The Tao of Antlr Parsing Errors

How We Handle Parsing Errors

Currently, we have a very simple way of handling Antlr parsing errors. We just print the line and the character position at which the parser failed, and we spit out the "Anything could be wrong here. You figure it out." message generously provided by the Antlr parser.

We could do orders of magnitude better, as Antlr provides an entire toolbox for handling errors, from being able to inspect the parsing rule chain (i.e. the stack trace) to error recovery. Before we list the capabilities, let's first focus on our parsing workflow.

We feed Antlr with the .g4 files (CypherLexer.g4, Cypher.g4, MemgraphCypherLexer.g4 , MemgraphCypher.g4, and UnicodeCategories.g4) that define our custom Cypher grammar.
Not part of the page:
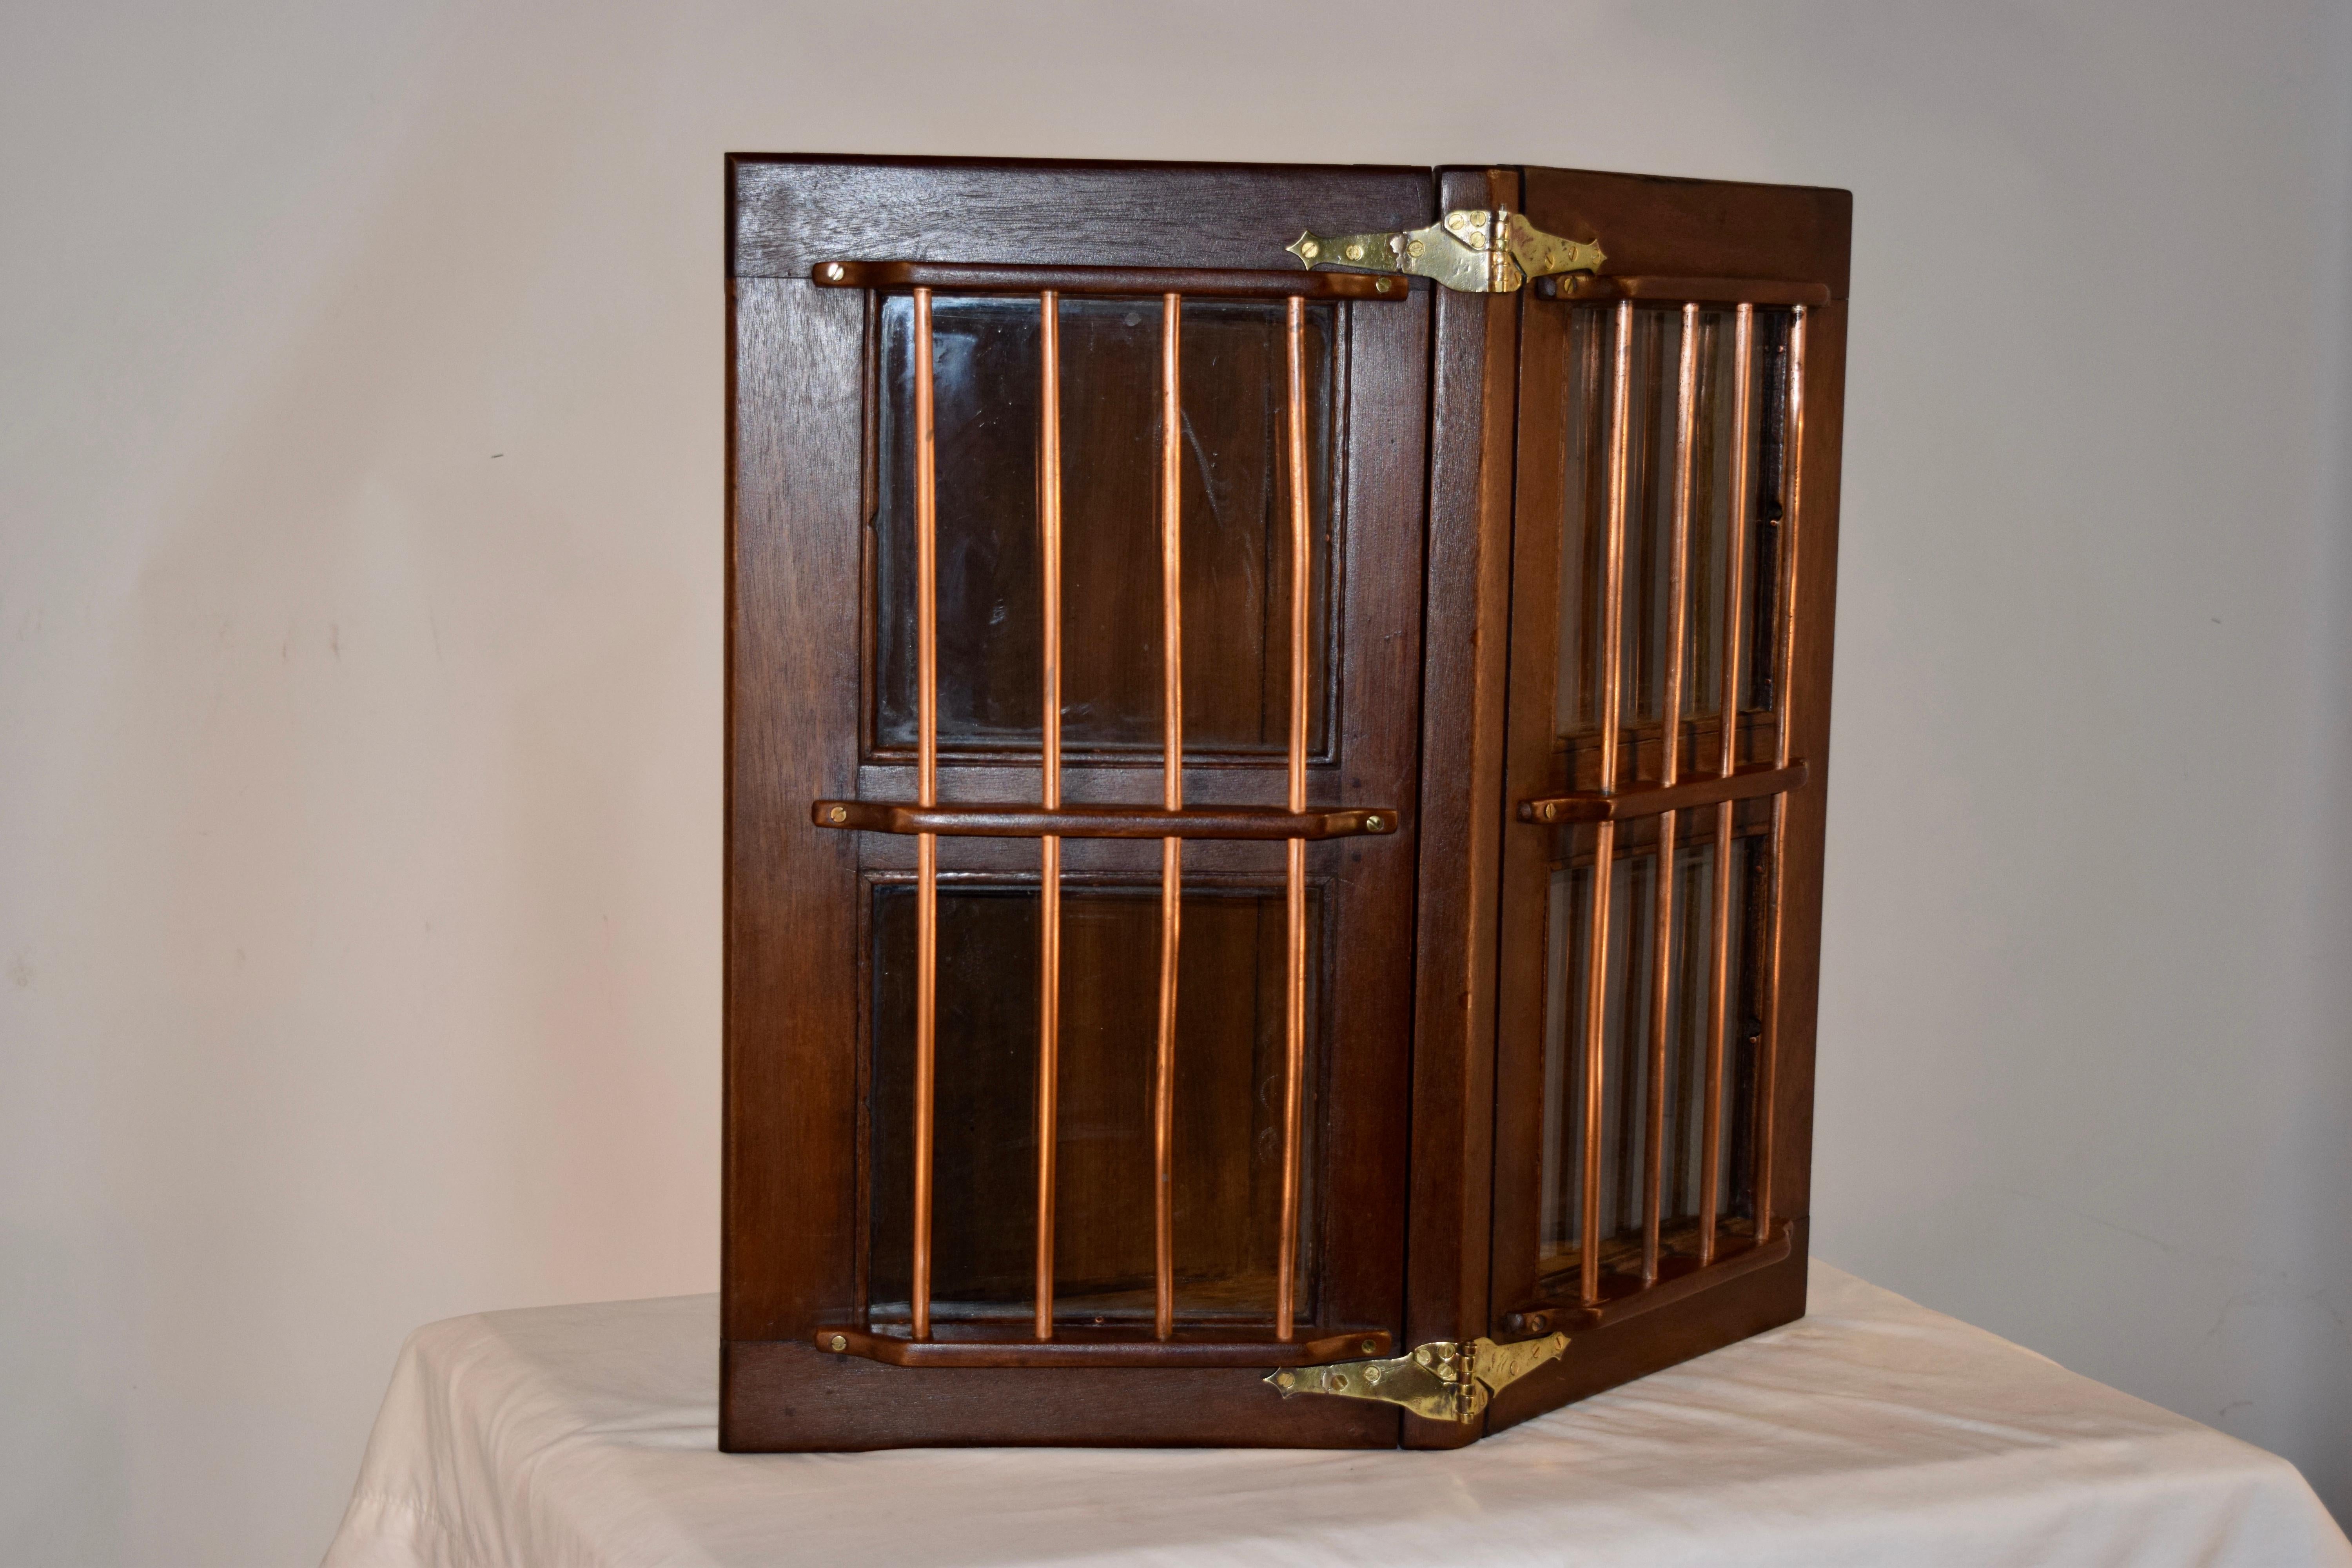 19th Century ship's hatch doors from England made from teak wood and copper rods, which have been added to a custom cabinet back for a unique addition to any room in your home. The doors open to reveal shelving.

Antlr then generates a host of .cpp/.hpp files that implement the Cypher language parser, along with extra functionalities such as error observers, that can be plugged into the parser to modify its logic. All the generated files can be found in the src/query/frontend/opencypher/generated dir.

Now, the MemgraphCypher parser is actually implemented in the src/query/frontend/opencypher/parser.hpp file. It's quite simple - it has a constructor that takes the raw query string, and tries to parse it into a antlr4::tree::ParseTree object. In addition, the constructor sets up our custom parsing error handler, which is an object deriving from antlr4::BaseErrorListener . Take a look at the constructor definition:

Parser(const std::string query) : query_(std::move(query)) {
    parser_.removeErrorListeners();
    parser_.addErrorListener(&error_listener_);
    tree_ = parser_.cypher();
    if (parser_.getNumberOfSyntaxErrors()) {
      throw query::SyntaxException(error_listener_.error_);
    }
  }

You might be puzzled by the first statement (parser_.removeErrorListeners();). Here's how it works - the internal parser_ object (of type antlropencypher::MemgraphCypher), when constructed, registers a default error **listener (a.k.a observer) that prints out the parser-generated error message to STDERR. If we don't remove that default listener, we'll get extra printouts that we don't want. So, we remove it.
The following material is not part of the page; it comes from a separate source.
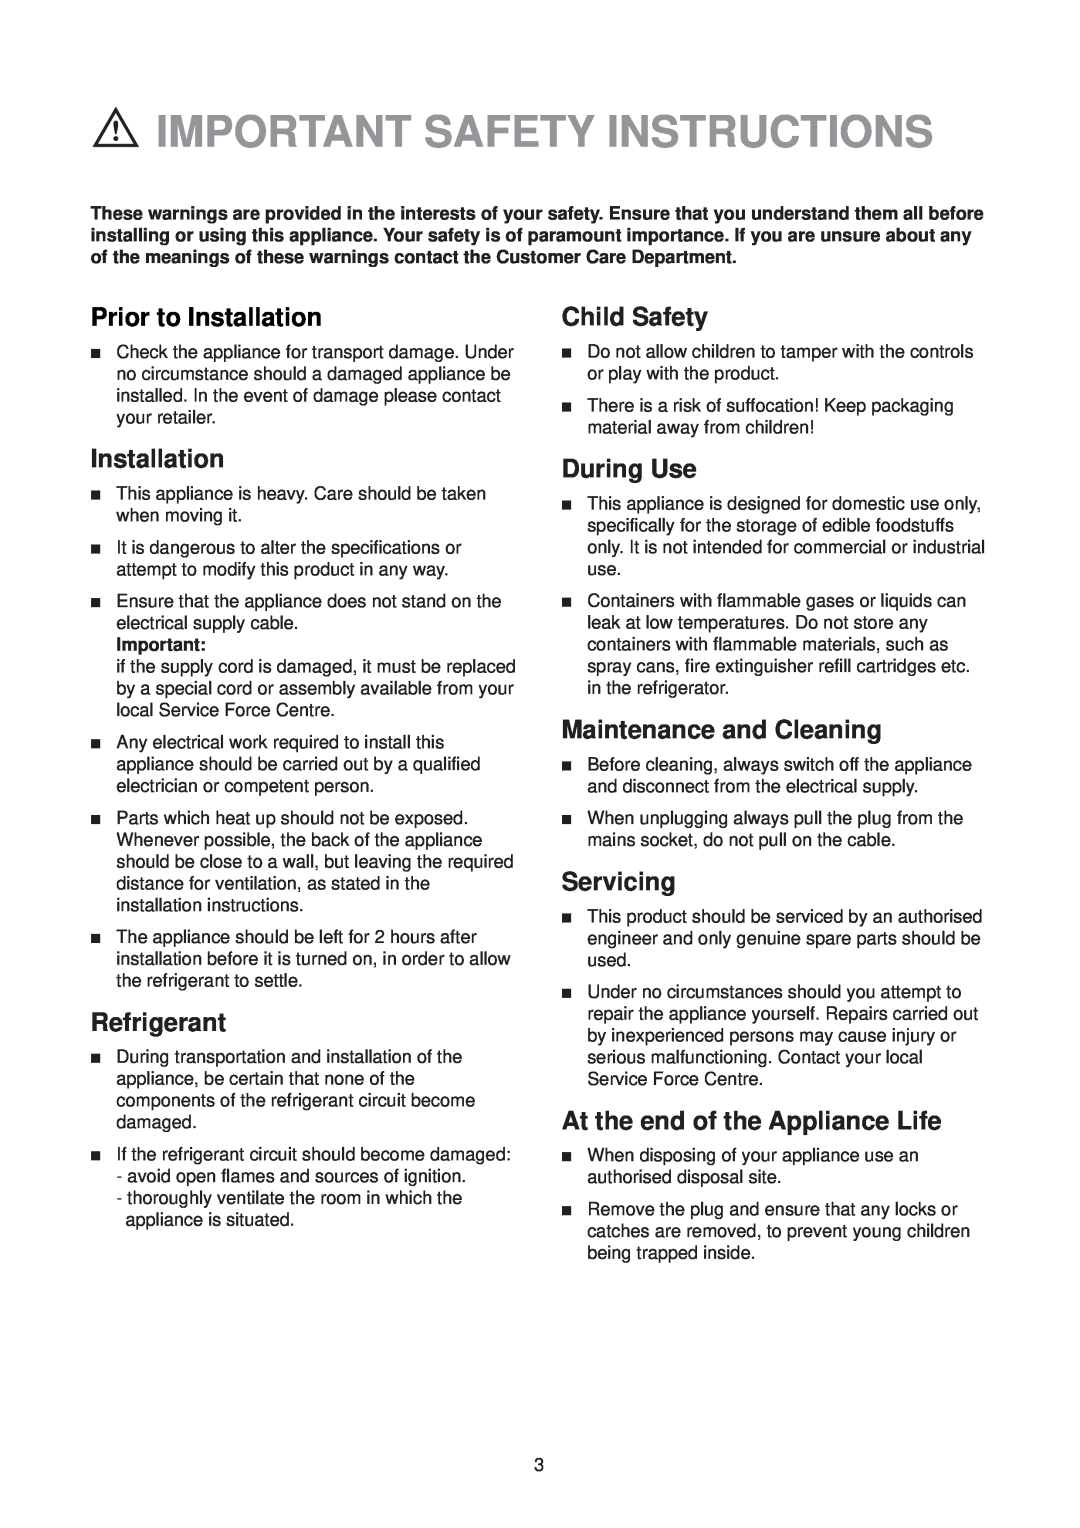 Zanussi ZT 51 RL Important Safety Instructions, Prior to Installation, Child Safety, Refrigerant, During Use, Servicing

Then we add our custom error listener, defined as follows:

class FirstMessageErrorListener : public antlr4::BaseErrorListener {
    void syntaxError(antlr4::IRecognizer *, antlr4::Token *, size_t line, size_t position, const std::string &message,
                     std::exception_ptr) override {
      if (error_.empty()) {
        error_ = "line " + std::to_string(line) + ":" + std::to_string(position + 1) + " " + message;
      }
    }

The syntaxError method, declared in the antlr4::BaseErrorListener class, is overridden. Note its signature - it takes the following:

a pointer to an antlr4::IRecognizer object. This object is, in fact, a wrapper for the parser, that provides an extra set of functionalities on top of the parser itself, like debugging, printing etc. It's quite powerful as it gives you fine-grained control over the parser's execution. The private parser_ member that we mentioned actually derives from it. The default antlr4::IRecognizer type actually used in our code is antlr4::Recognizer , declared in libs/antlr4/runtime/Cpp/include/antlr4-runtime/Recognizer.h .
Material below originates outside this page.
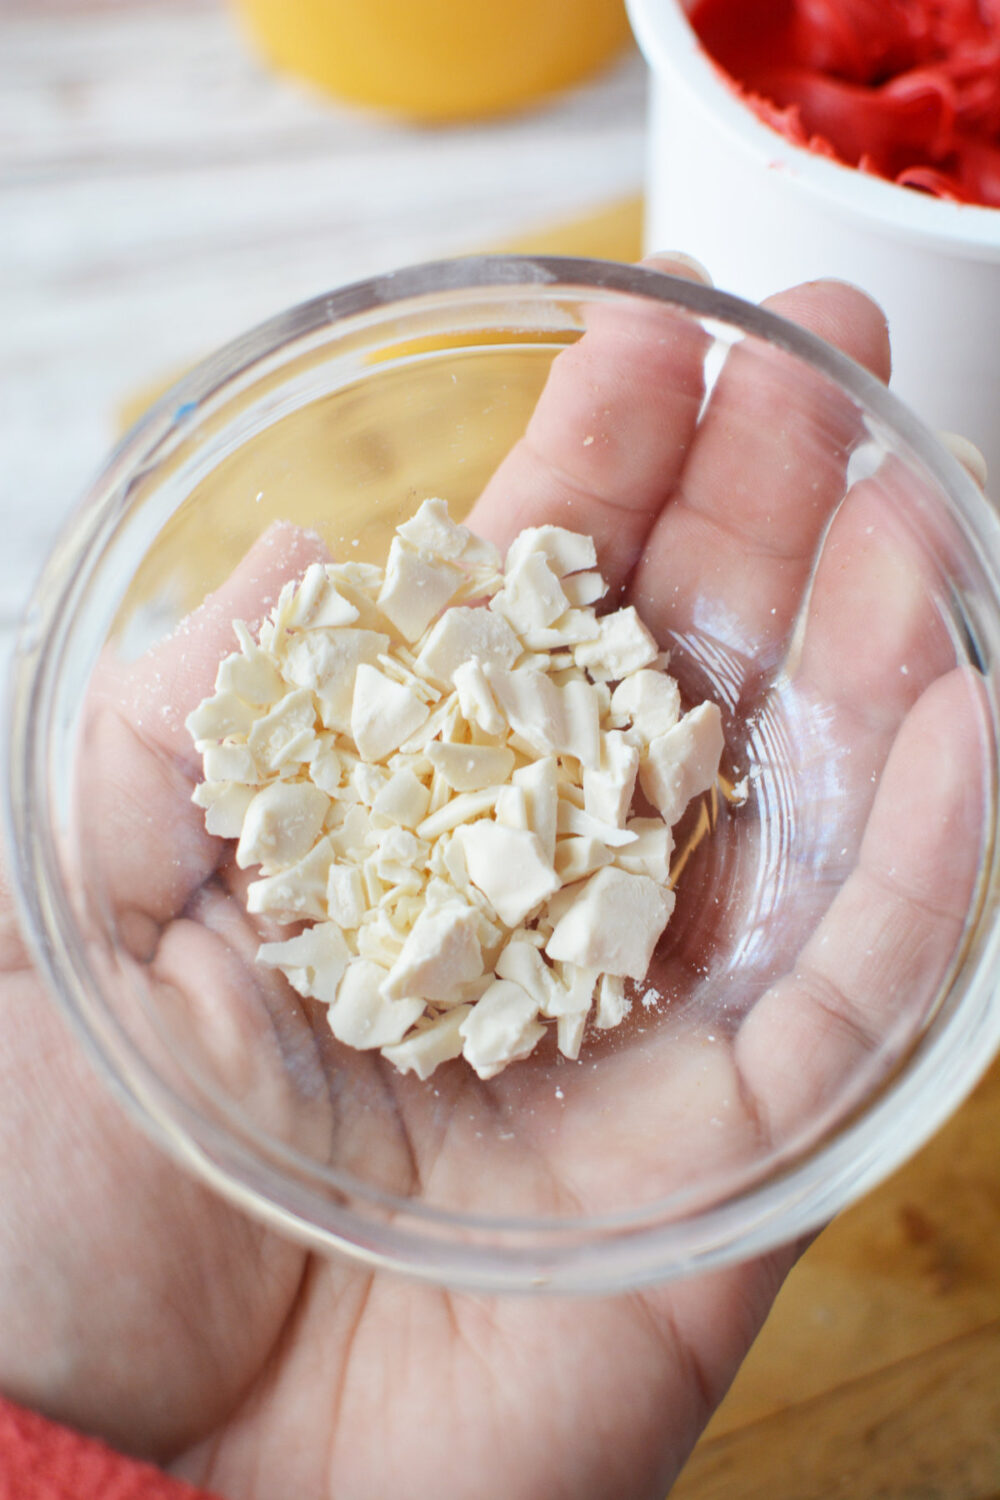 Crushed white candy melts in a bowl.

As this object's API allows us to ask for various pieces of the parser's state, it could be immensely useful in enhancing our error messages.
a pointer to an antlr4::Token object, representing the so-called offending symbol - the symbol that caused the parser to fail. If you want to print it out, just call its getText() method.
a size_t line and position , which are just the line and the character position at which the parsing failed. Note that position is null-indexed, so when we print it out, we add 1 to it so as not to confuse our users.
a std::exception_ptr , which is just an opaque pointer to a general exception caught and handled by Antlr. In most cases, this will actually be a pointer to a antlr4::RecognitionException (declared in libs/antlr4/runtime/Cpp/include/antlr4-runtime/RecognitionException.h). It can be used to rethrow or handle the exception.

One important thing to note is that syntaxError method's signature has changed in newer version of Antlr (we checked for v4.8 and up), and now it's first argument is antrl4::Recognizer .